**Exercise goal:**
An exact copy of the listing is required, with its pictures removed.
-- Collected material follows --
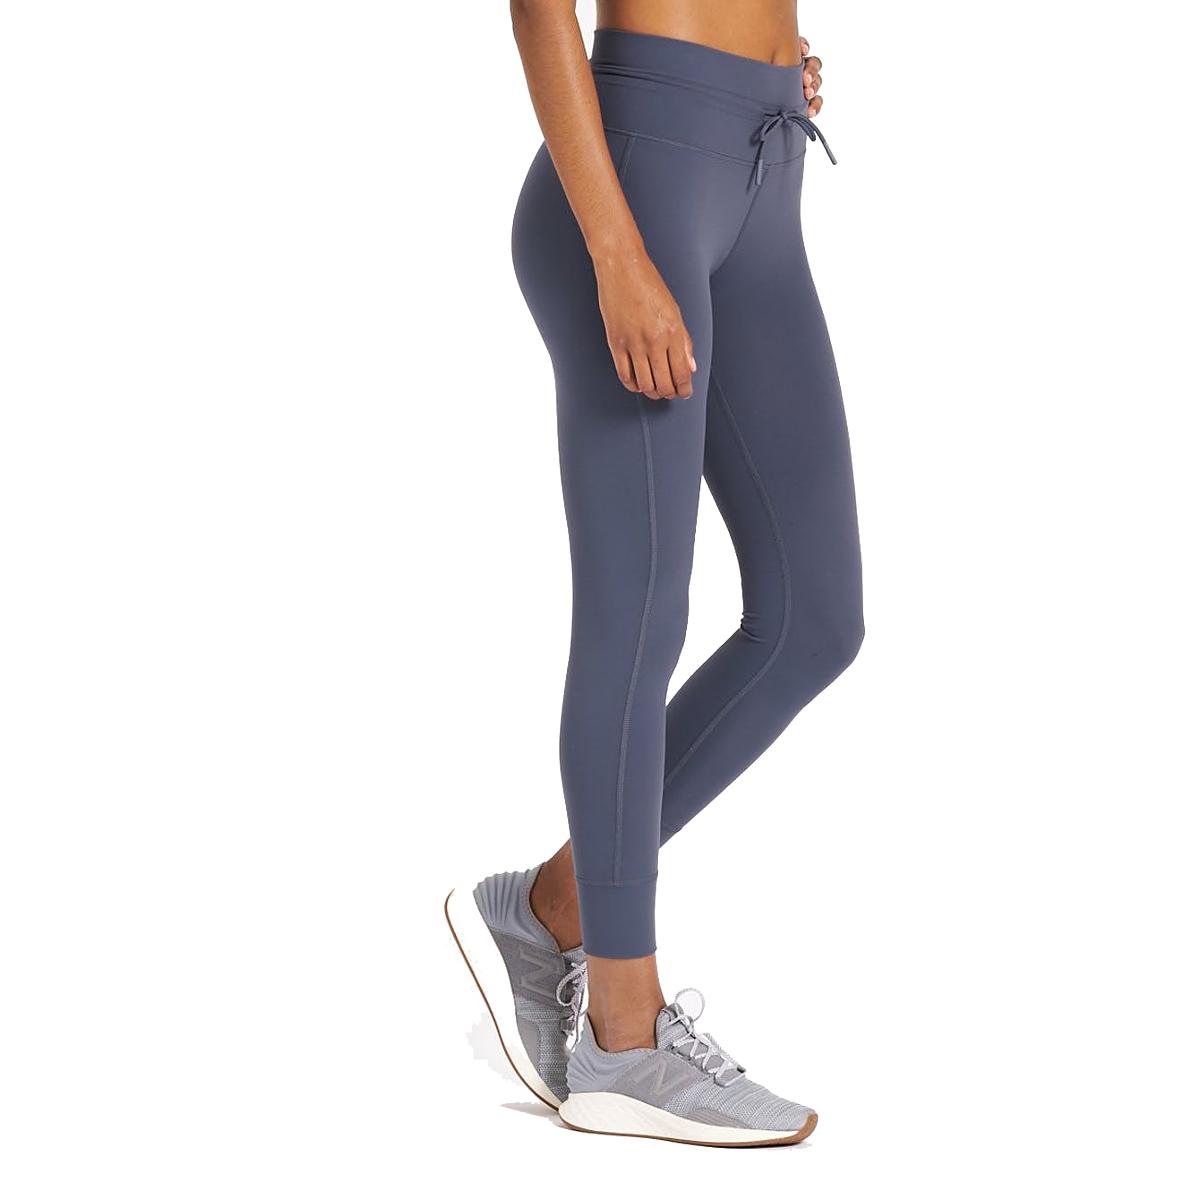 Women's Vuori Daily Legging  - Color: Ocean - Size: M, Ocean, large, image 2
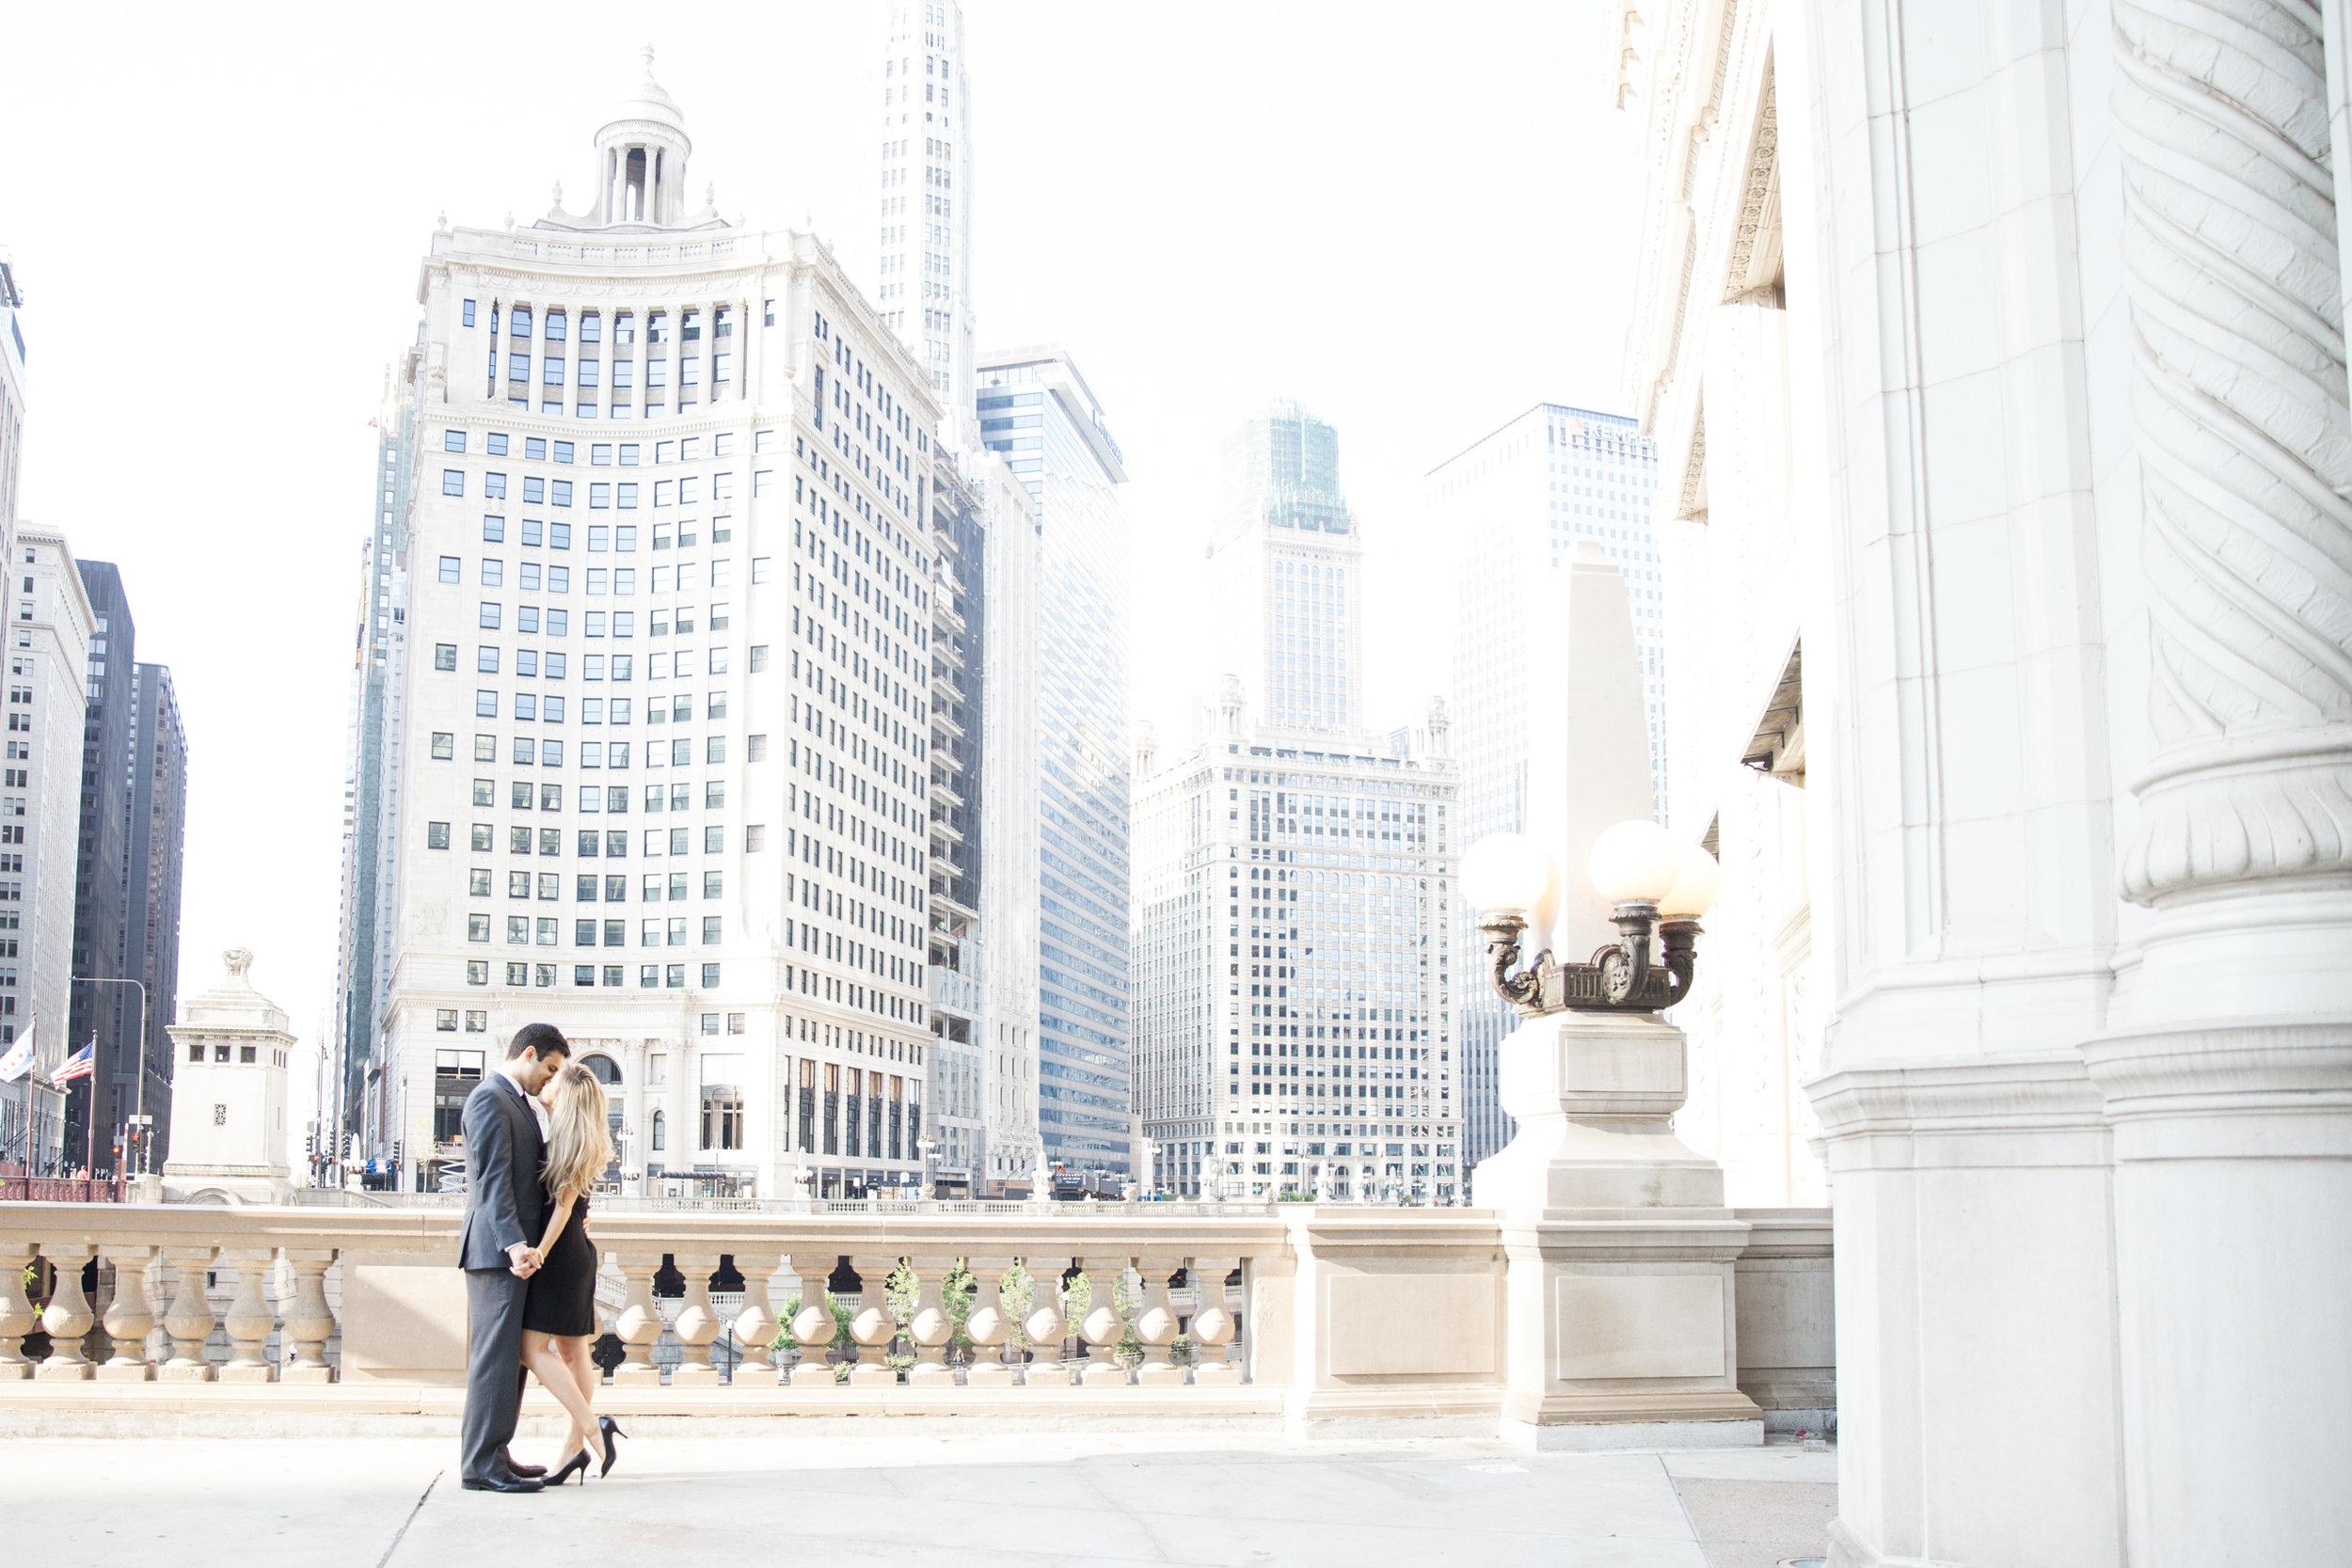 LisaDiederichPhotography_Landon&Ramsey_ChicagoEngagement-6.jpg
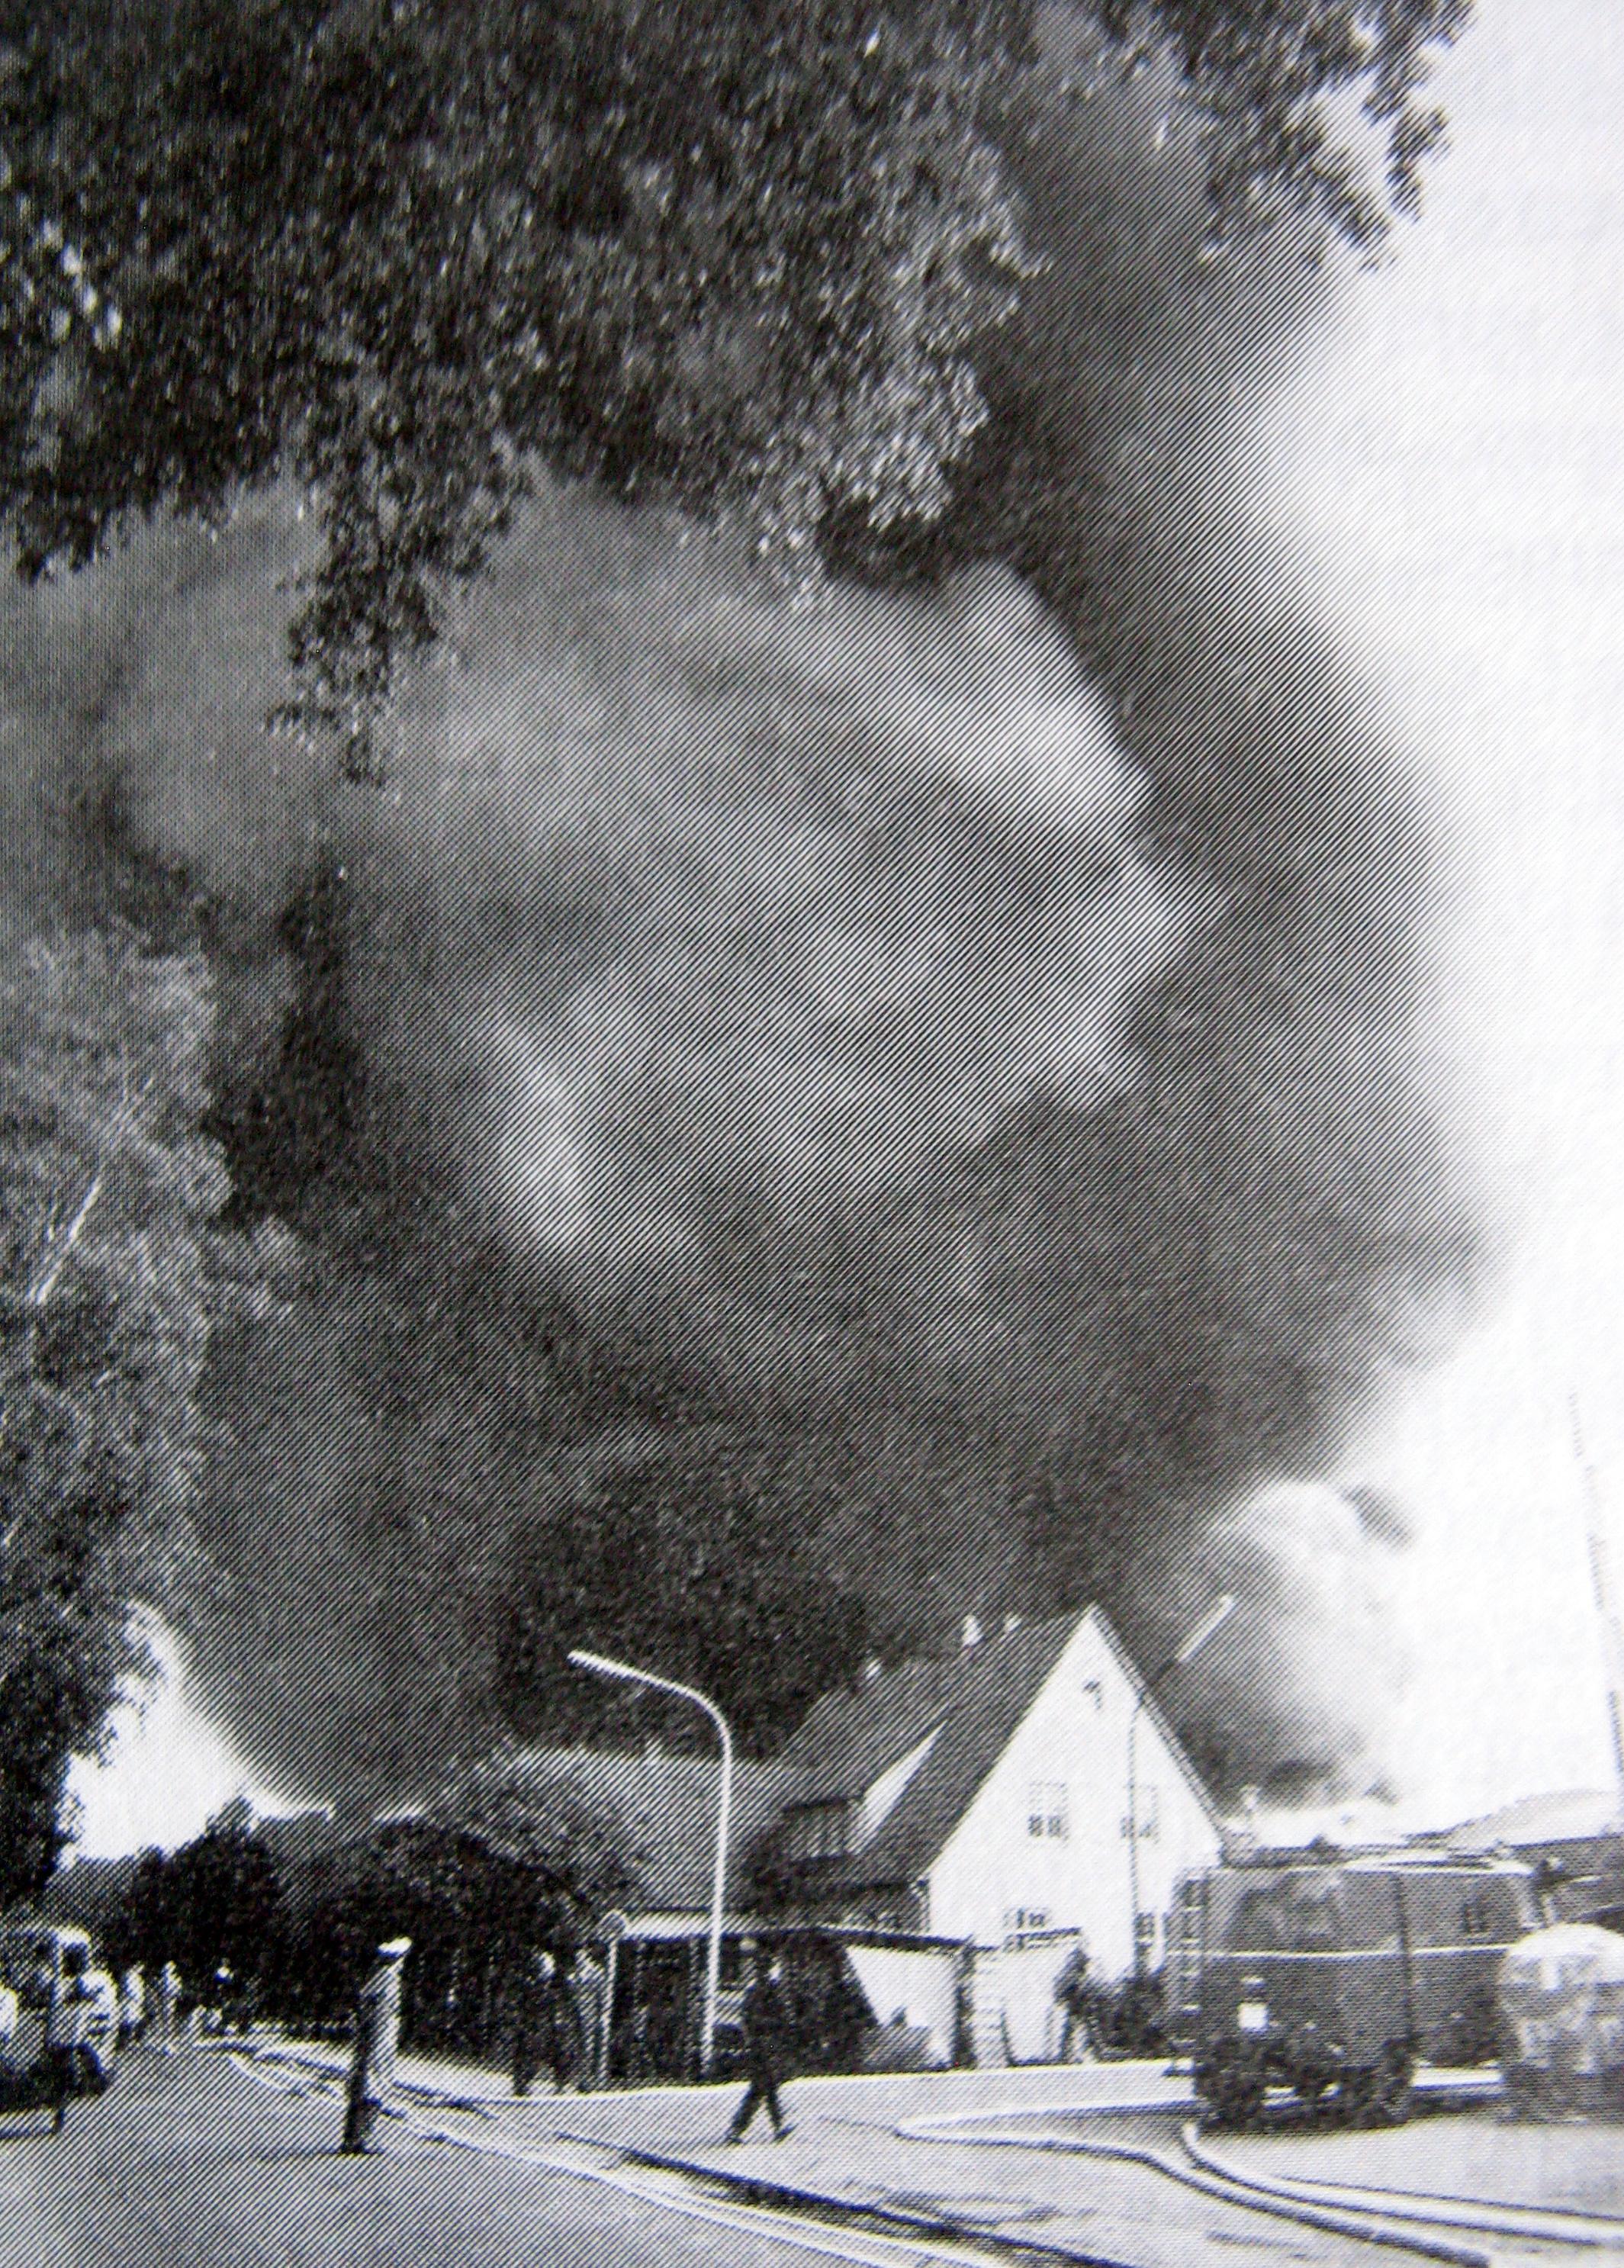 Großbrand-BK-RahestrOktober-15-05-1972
-- Collected material concluded --
**Task output:**
 Women's Vuori Daily Legging  - Color: Ocean - Size: M, Ocean, large, image 2
 LisaDiederichPhotography_Landon&Ramsey_ChicagoEngagement-6.jpg
 Großbrand-BK-RahestrOktober-15-05-1972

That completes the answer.